How to Use Skills in VSCode's Codex Extension
Zenn tutorial on configuring and using Skills in VSCode's Codex extension to help coding assistants better understand project context and coding standards.
Skills are like CLAUDE.md — project-specific instructions and constraints for AI coding assistants. Article shows configuration methods and common Skill templates.
Significantly improves AI-assisted efficiency for engineers using Codex daily.
The core concept of Skills is providing AI Coding assistants with project-specific context so generated code directly follows project conventions. The author's comparative tests show a 50-70% reduction in manual code modifications after configuring Skills. This approach of 'teaching AI to understand your project' is key to making Vibe Coding work in real-world projects. Essential reading for developers using AI coding assistants daily.
Codex is OpenAI's VSCode AI coding assistant extension. Skills make it better understand your project.
What Are Skills
Skills are predefined instruction files telling Codex about your project: frameworks used, coding standards, directory structure, test requirements. Similar to CLAUDE.md in the Anthropic ecosystem.
Configuration
Create `.codex/skills/` directory at project root, each Skill is a markdown file:
.codex/
skills/
project.md # Project overview and architecture
coding.md # Coding standards
testing.md # Test requirements
deployment.md # Deployment process
Common Templates
project.md: Describe tech stack, directory structure, core modules, dependencies.
coding.md: Define code style (indentation, naming, comments), error handling patterns, log formats.
testing.md: Specify test framework, coverage requirements, mock strategies, test file organization.
Before/After Comparison
- Without Skills: Codex generates code that doesn't match project conventions, needs manual adjustment
- With Skills: Generated code directly matches project standards, reducing manual edits by 50-70%
Best Practices
- Keep Skills files concise (<500 lines total)
- Include specific code examples (not just text descriptions)
- Update regularly to reflect project evolution
- Share unified Skills files across the team
Industry Trend Connection
Project-level context configuration is becoming standard practice in AI Coding—Anthropic's CLAUDE.md, OpenAI's Codex Skills, and Cursor's rules all serve the same purpose. This is a crucial step for Vibe Coding moving from 'toy' to 'productivity tool'. MCP protocol is also evolving in this direction, aiming to provide standardized project context interfaces for AI Agents.

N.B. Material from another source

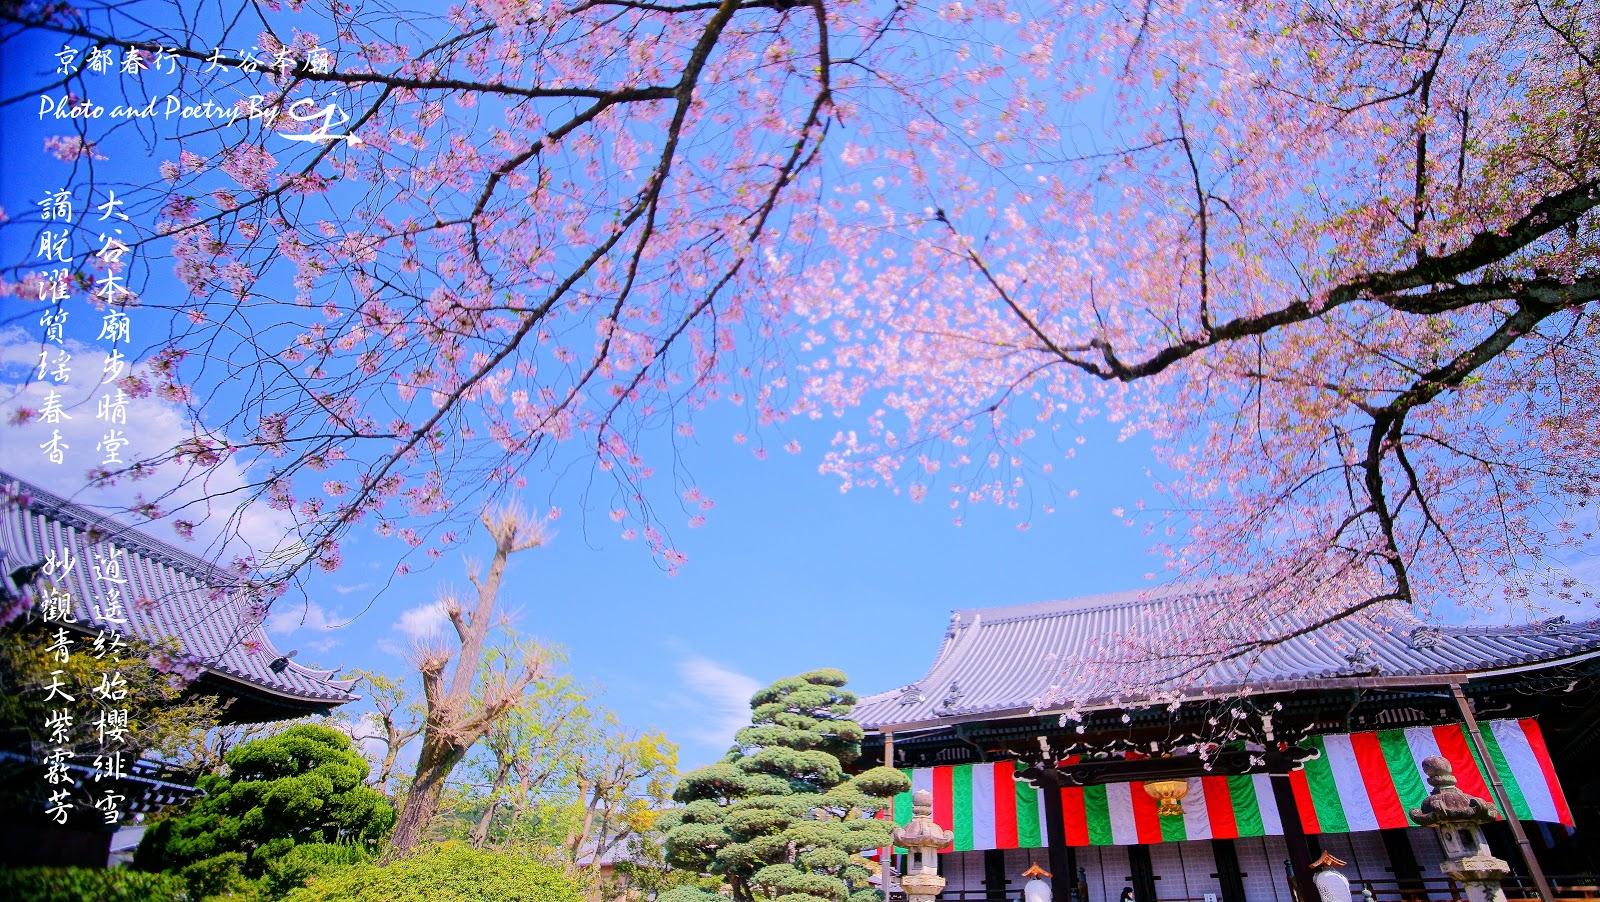 大谷本廟とは - goo Wikipedia (ウィキペディア)

In-Depth Analysis and Industry Outlook
From a broader perspective, this development reflects the accelerating trend of AI technology transitioning from laboratories to industrial applications. Industry analysts widely agree that 2026 will be a pivotal year for AI commercialization. On the technical front, large model inference efficiency continues to improve while deployment costs decline, enabling more SMEs to access advanced AI capabilities. On the market front, enterprise expectations for AI investment returns are shifting from long-term strategic value to short-term quantifiable gains.
However, the rapid proliferation of AI also brings new challenges: increasing complexity of data privacy protection, growing demands for AI decision transparency, and difficulties in cross-border AI governance coordination. Regulatory authorities across multiple countries are closely monitoring these developments, attempting to balance innovation promotion with risk prevention. For investors, identifying AI companies with truly sustainable competitive advantages has become increasingly critical as the market transitions from hype to value validation.